Each panel is cropped from the original picture in Photoshop and the files are saved as “journal.pbio.0020352.g006_B” “journal.pbio.0020352.g006_F” in the same directory as before: WBPaper00024505


These will be respectively Picture object 2(WBPicture000000002) and Picture object 3 (WBPicture000000003).

To summarize till now:

Picture object 1: WBPicture000000001: WBPaper00024505_ journal.pbio.0020352.g006

Picture object 2 WBPicture000000002: WBPaper00024505_ journal.pbio.0020352.g006_B

Picture object 3: WBPicture000000003: WBPaper00024505_ journal.pbio.0020352.g006_F

where WBPicture000000001 corresponds to the NAME of the object in the picture data model and WBPaper00024505_ journal.pbio.0020352.g006 corresponds to the SOURCE of the object in the picture data model.

At the same time, the text file associated with the entire figure WBPicture000000001, is saved with the same name as the figure -journal.pbio.0020352.g006- with a .doc extension. In this way we can make sure which figure legend goes with which picture.


NB: The size of the original TIFF file varies from 1 to 20 MB (in the examples observed till now). In order to minimize the space, the cropped images will be converted into PNG files (100KB to 2MB). We anyway have the parental image for users access. Supplementary material is generally stored by journals as PDF files. The PDF is converted in TIFF for consistency.

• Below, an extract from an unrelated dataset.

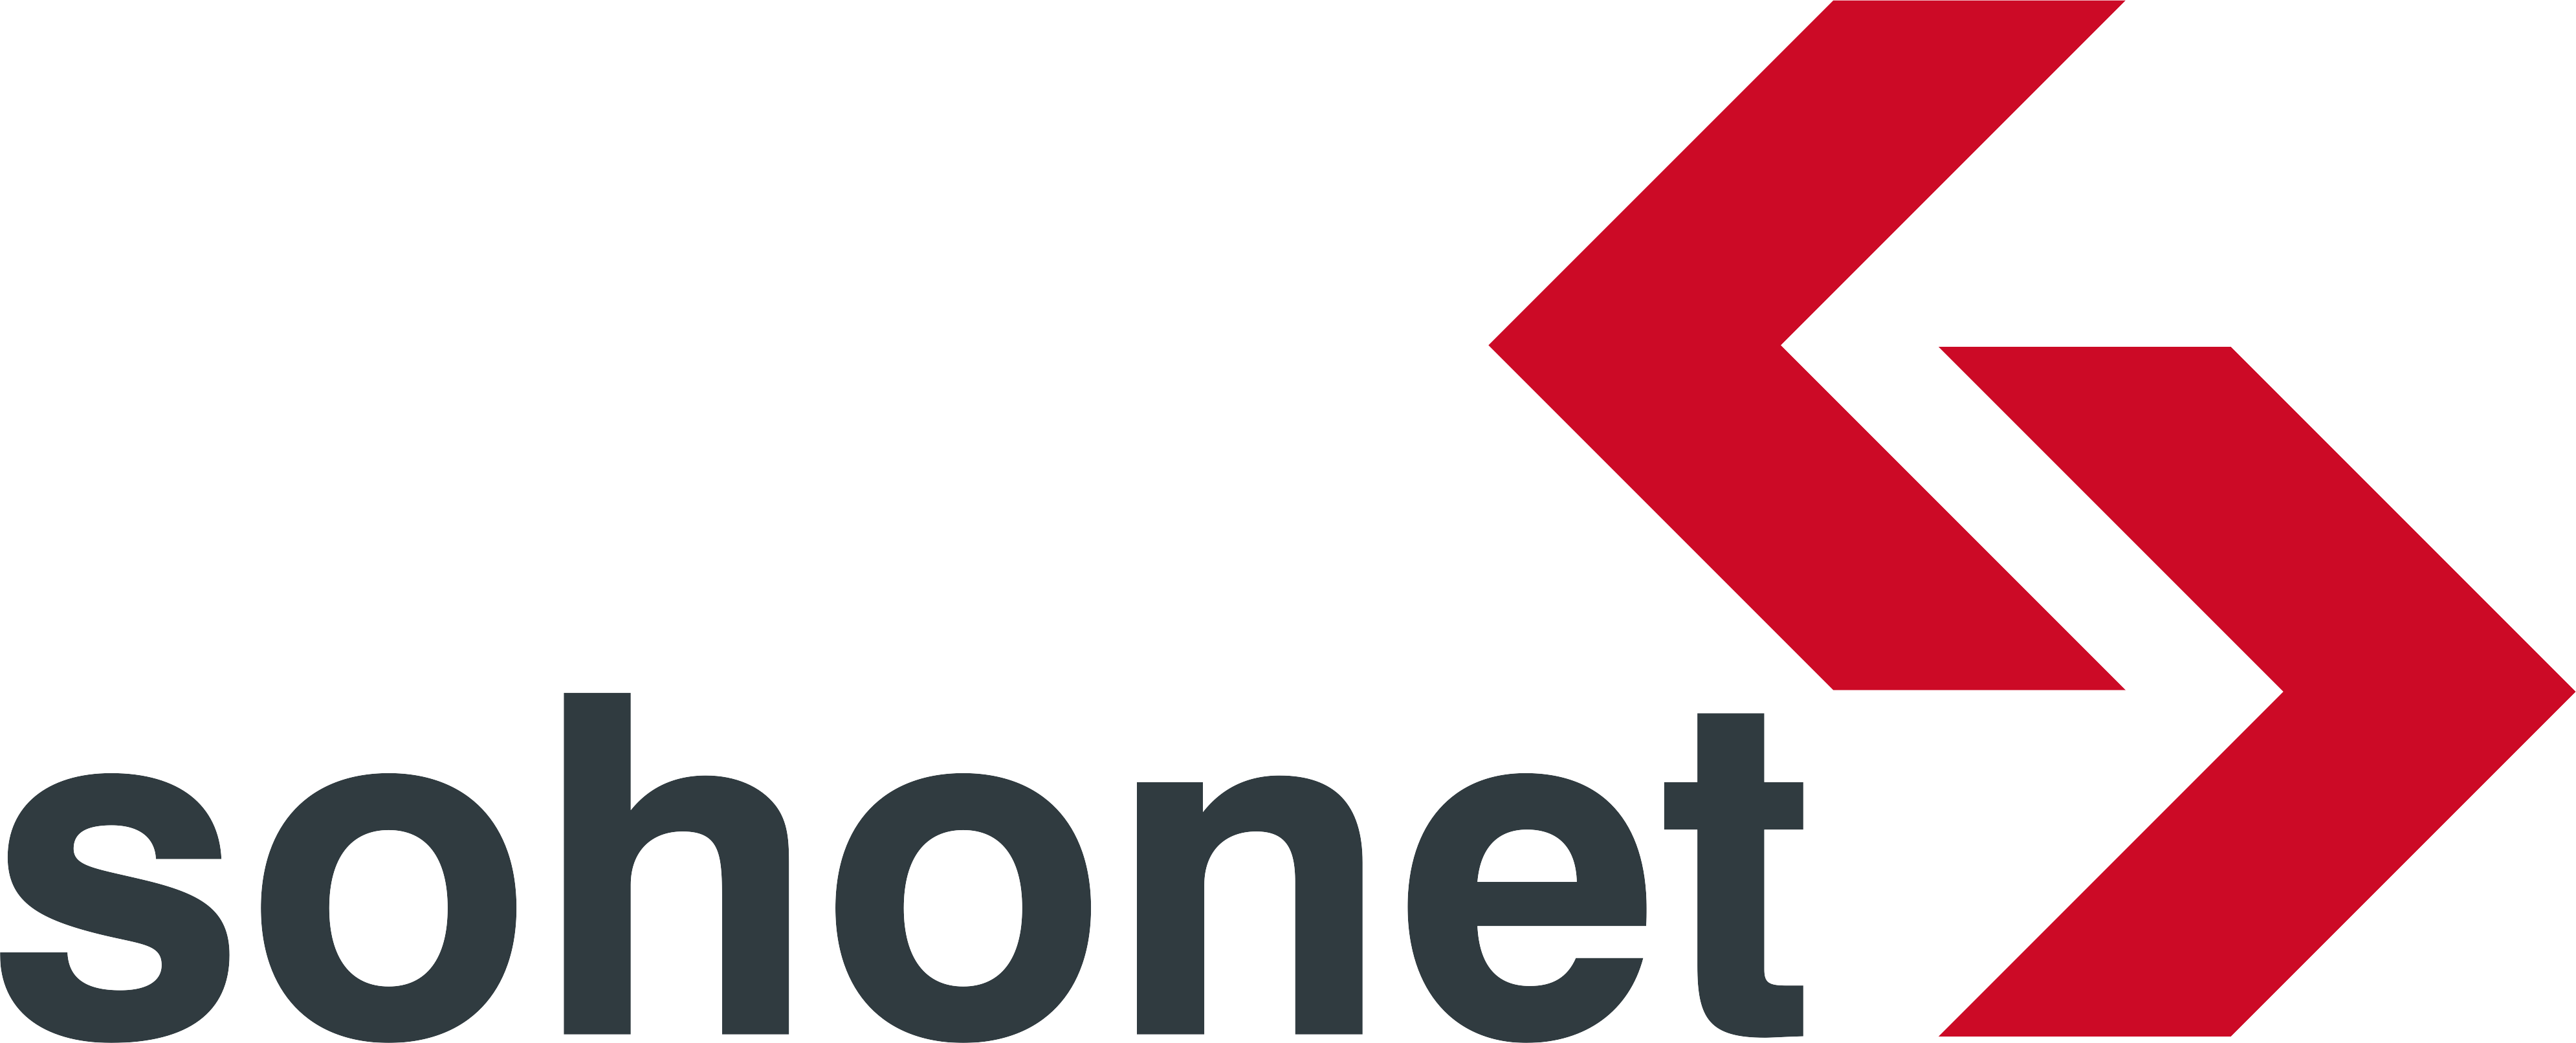 Sohonet Logo

Let's go one step further:

Picture object 1 is our PARENTAL IMAGE, we will display it only when the user will click on a “see original figure” link Picture Objects 2 and 3 are our Daughter Images, which will be displayed on the gene expression page. See mock page below for a visual example:


Picture Data Model Proposal


?Picture      Description ?Text
              Name ?Text
              Source ?Text
              Image_lineage Crop_picture ?Picture XREF Cropped_from
                            Cropped_from ?Picture XREF Crop_picture
              Pick_me_to_call Text Text
              Expr_pattern ?Expr_pattern XREF Picture
              RNAi ?RNAi XREF Picture
              Variation ?Variation XREF Picture
              Transgene ?Transgene XREF Picture
              Reference ? XREF Picture
              Remark ?Text #Evidence

Picture Data Model step by step explanation


Figure legend


Name of the picture object e.g. WBPicture0000000001


For actual picture names. This is the name of the path leading to the picture file. The source includes the name of the directory where the picture comes from AND the name of the picture file. e.g. WBPaper00024505_journal.pbio.0020352.g006

Image Lineage

This is the picture object lineage. Large figures will be cropped into sections when they represent different data. We want to maintain the picture lineage -> by clicking on the "see original figure button" we want to access the entire image.